This document describes the internal ty_extensions API for creating and manipulating types as well as testing various type system properties.

Type extensions

The Python language itself allows us to perform a variety of operations on types. For example, we can build a union of types like int | None, or we can use type constructors such as list[int] and type[int] to create new types. But some type-level operations that we rely on in ty, like intersections, cannot yet be expressed in Python. The ty_extensions module provides the Intersection and Not type constructors (special forms) which allow us to construct these types directly.

Negation

py
from typing import Literal
from ty_extensions import Not, static_assert

def negate(n1: Not[int], n2: Not[Not[int]], n3: Not[Not[Not[int]]]) -> None:
    reveal_type(n1)  # revealed: ~int
    reveal_type(n2)  # revealed: int
    reveal_type(n3)  # revealed: ~int

# error: "Special form `ty_extensions.Not` expected exactly 1 type argument, got 2"
n: Not[int, str]
# error: [invalid-type-form] "Special form `ty_extensions.Not` expected exactly 1 type argument, got 0"
o: Not[()]

p: Not[(int,)]

def static_truthiness(not_one: Not[Literal[1]]) -> None:
    # TODO: `bool` is not incorrect, but these would ideally be `Literal[True]` and `Literal[False]`
    # respectively, since all possible runtime objects that are created by the literal syntax `1`
    # are members of the type `Literal[1]`
    reveal_type(not_one is not 1)  # revealed: bool
    reveal_type(not_one is 1)  # revealed: bool

    # But these are both `bool`, rather than `Literal[True]` or `Literal[False]`
    # as there are many runtime objects that inhabit the type `~Literal[1]`
    # but still compare equal to `1`. Two examples are `1.0` and `True`.
    reveal_type(not_one != 1)  # revealed: bool
    reveal_type(not_one == 1)  # revealed: bool

Intersection

toml
[environment]
python-version = "3.12"
py
from ty_extensions import Intersection, Not, is_subtype_of, static_assert
from typing_extensions import Literal, Never

class S: ...
class T: ...

def x(x1: Intersection[S, T], x2: Intersection[S, Not[T]]) -> None:
    reveal_type(x1)  # revealed: S & T
    reveal_type(x2)  # revealed: S & ~T

def y(y1: Intersection[int, object], y2: Intersection[int, bool], y3: Intersection[int, Never]) -> None:
    reveal_type(y1)  # revealed: int
    reveal_type(y2)  # revealed: bool
    reveal_type(y3)  # revealed: Never

def z(z1: Intersection[int, Not[Literal[1]], Not[Literal[2]]]) -> None:
    reveal_type(z1)  # revealed: int & ~Literal[1] & ~Literal[2]

class A: ...
class B: ...
class C: ...

type ABC = Intersection[A, B, C]

static_assert(is_subtype_of(ABC, A))
static_assert(is_subtype_of(ABC, B))
static_assert(is_subtype_of(ABC, C))

class D: ...

static_assert(not is_subtype_of(ABC, D))

Unknown type

The Unknown type is a special type that we use to represent actually unknown types (no annotation), as opposed to Any which represents an explicitly unknown type.

py
from ty_extensions import Unknown, static_assert, is_assignable_to, reveal_mro

static_assert(is_assignable_to(Unknown, int))
static_assert(is_assignable_to(int, Unknown))
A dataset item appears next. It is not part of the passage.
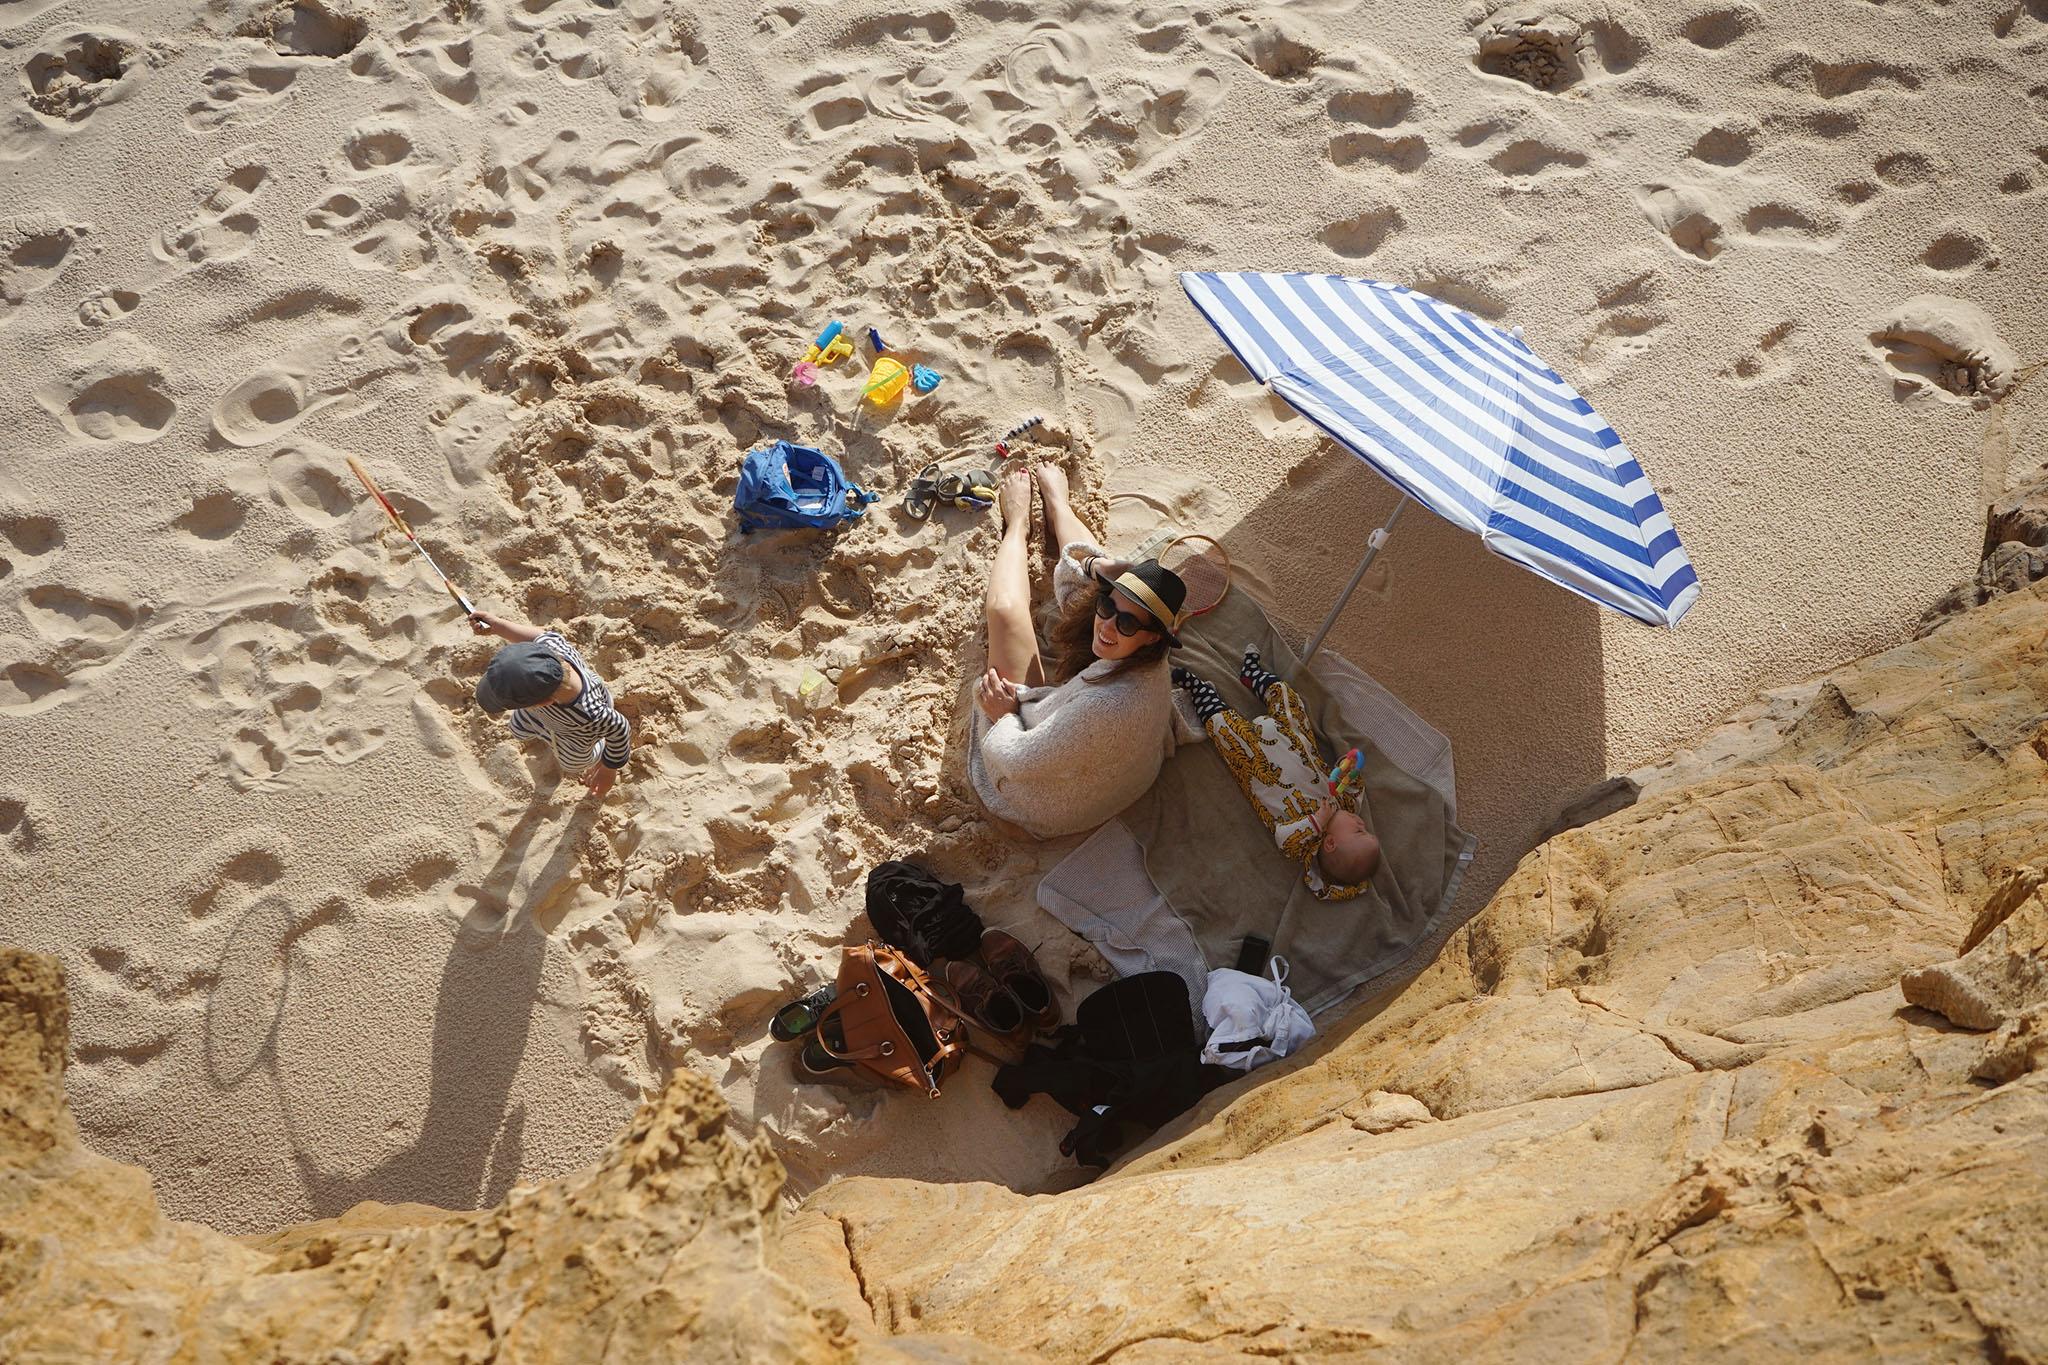 2017-04-Casas-da-Cerca-Portugal - casas-da-cerca-portugal-nectarandpulse-beach-63.jpg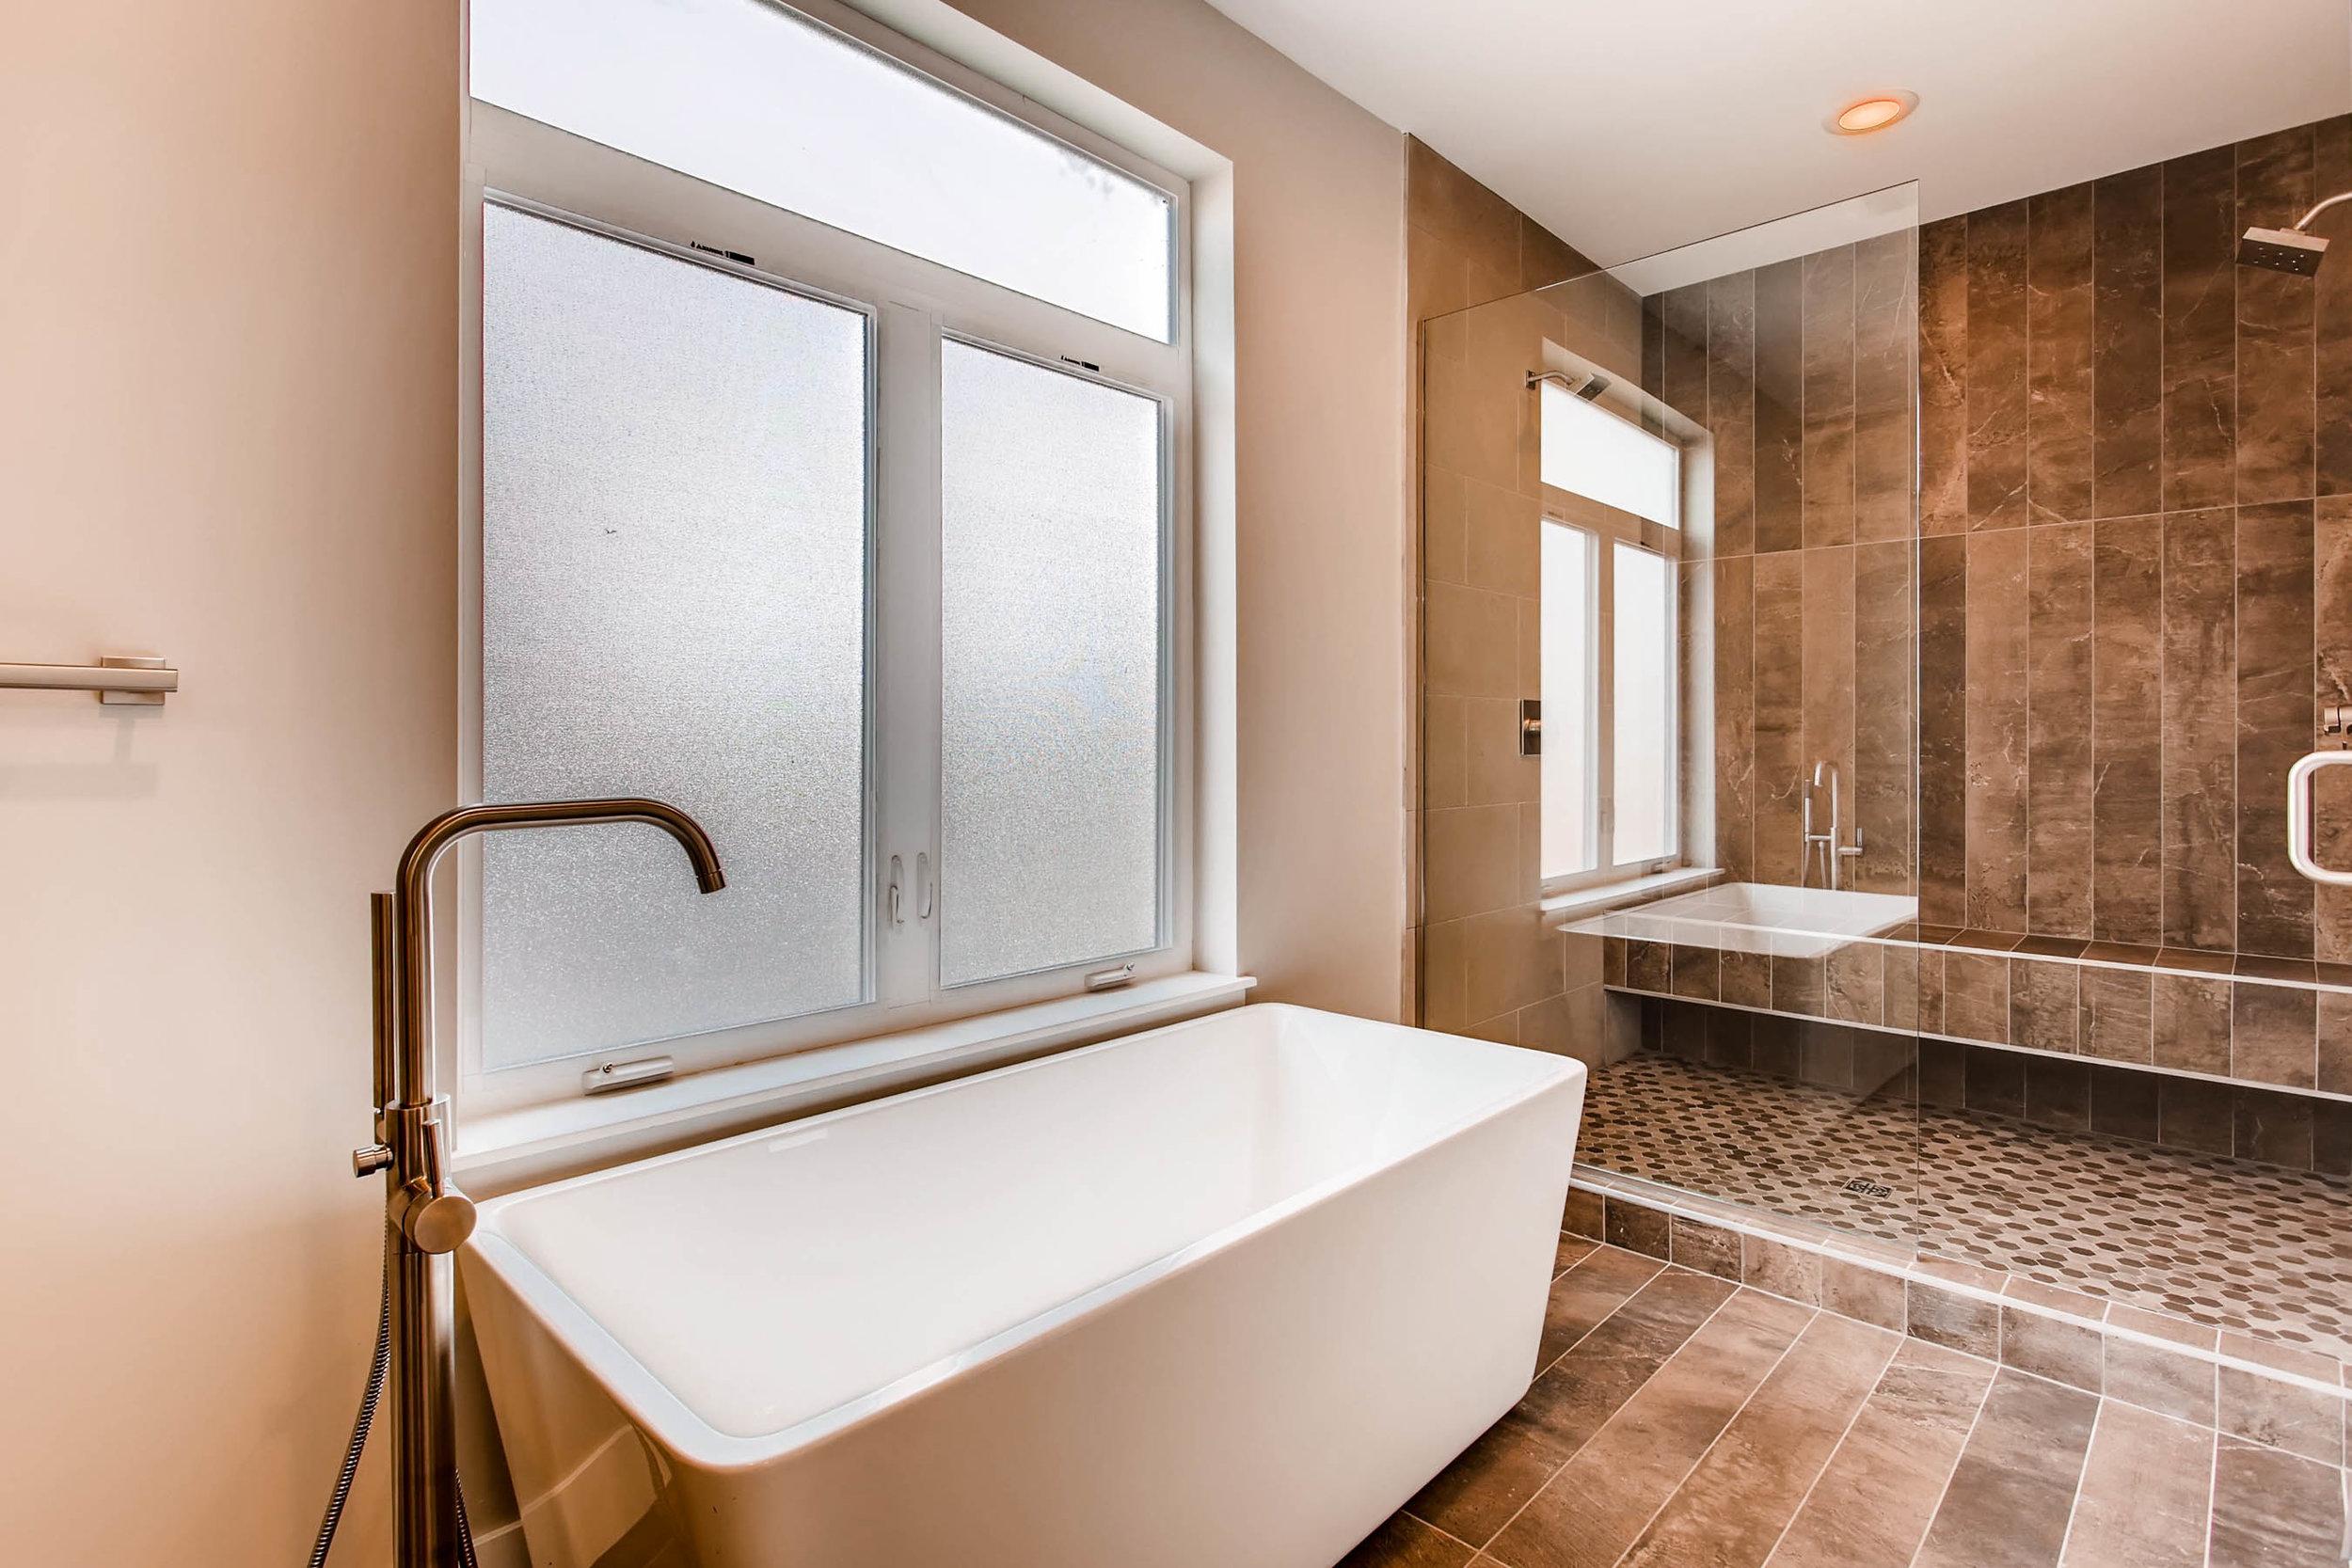 3050 Tennyson Denver CO 80212-print-017-9-2nd Floor Master Bathroom-2700x1800-300dpi.jpg

def explicit_unknown(x: Unknown, y: tuple[str, Unknown], z: Unknown = 1) -> None:
    reveal_type(x)  # revealed: Unknown
    reveal_type(y)  # revealed: tuple[str, Unknown]
    reveal_type(z)  # revealed: Unknown

Unknown can be subclassed, just like Any:

py
class C(Unknown): ...

# revealed: (<class 'C'>, Unknown, <class 'object'>)
reveal_mro(C)

# error: "Special form `ty_extensions.Unknown` expected no type parameter"
u: Unknown[str]

AlwaysTruthy and AlwaysFalsy

AlwaysTruthy and AlwaysFalsy represent the sets of all possible objects whose truthiness is always truthy or falsy, respectively.

They do not accept any type arguments.

py
from typing_extensions import Literal

from ty_extensions import AlwaysFalsy, AlwaysTruthy, is_subtype_of, static_assert

static_assert(is_subtype_of(Literal[True], AlwaysTruthy))
static_assert(is_subtype_of(Literal[False], AlwaysFalsy))

static_assert(not is_subtype_of(int, AlwaysFalsy))
static_assert(not is_subtype_of(str, AlwaysFalsy))

def _(t: AlwaysTruthy, f: AlwaysFalsy):
    reveal_type(t)  # revealed: AlwaysTruthy
    reveal_type(f)  # revealed: AlwaysFalsy

def f(
    a: AlwaysTruthy[int],  # error: [invalid-type-form]
    b: AlwaysFalsy[str],  # error: [invalid-type-form]
):
    reveal_type(a)  # revealed: Unknown
    reveal_type(b)  # revealed: Unknown

Static assertions

Basics

The ty_extensions module provides a static_assert function that can be used to enforce properties at type-check time. The function takes an arbitrary expression and raises a type error if the expression is not of statically known truthiness.

py
from ty_extensions import static_assert
from typing import TYPE_CHECKING
import sys

static_assert(True)
static_assert(False)  # error: "Static assertion error: argument evaluates to `False`"

static_assert(False or True)
static_assert(True and True)
static_assert(False or False)  # error: "Static assertion error: argument evaluates to `False`"
static_assert(False and True)  # error: "Static assertion error: argument evaluates to `False`"

static_assert(1 + 1 == 2)
static_assert(1 + 1 == 3)  # error: "Static assertion error: argument evaluates to `False`"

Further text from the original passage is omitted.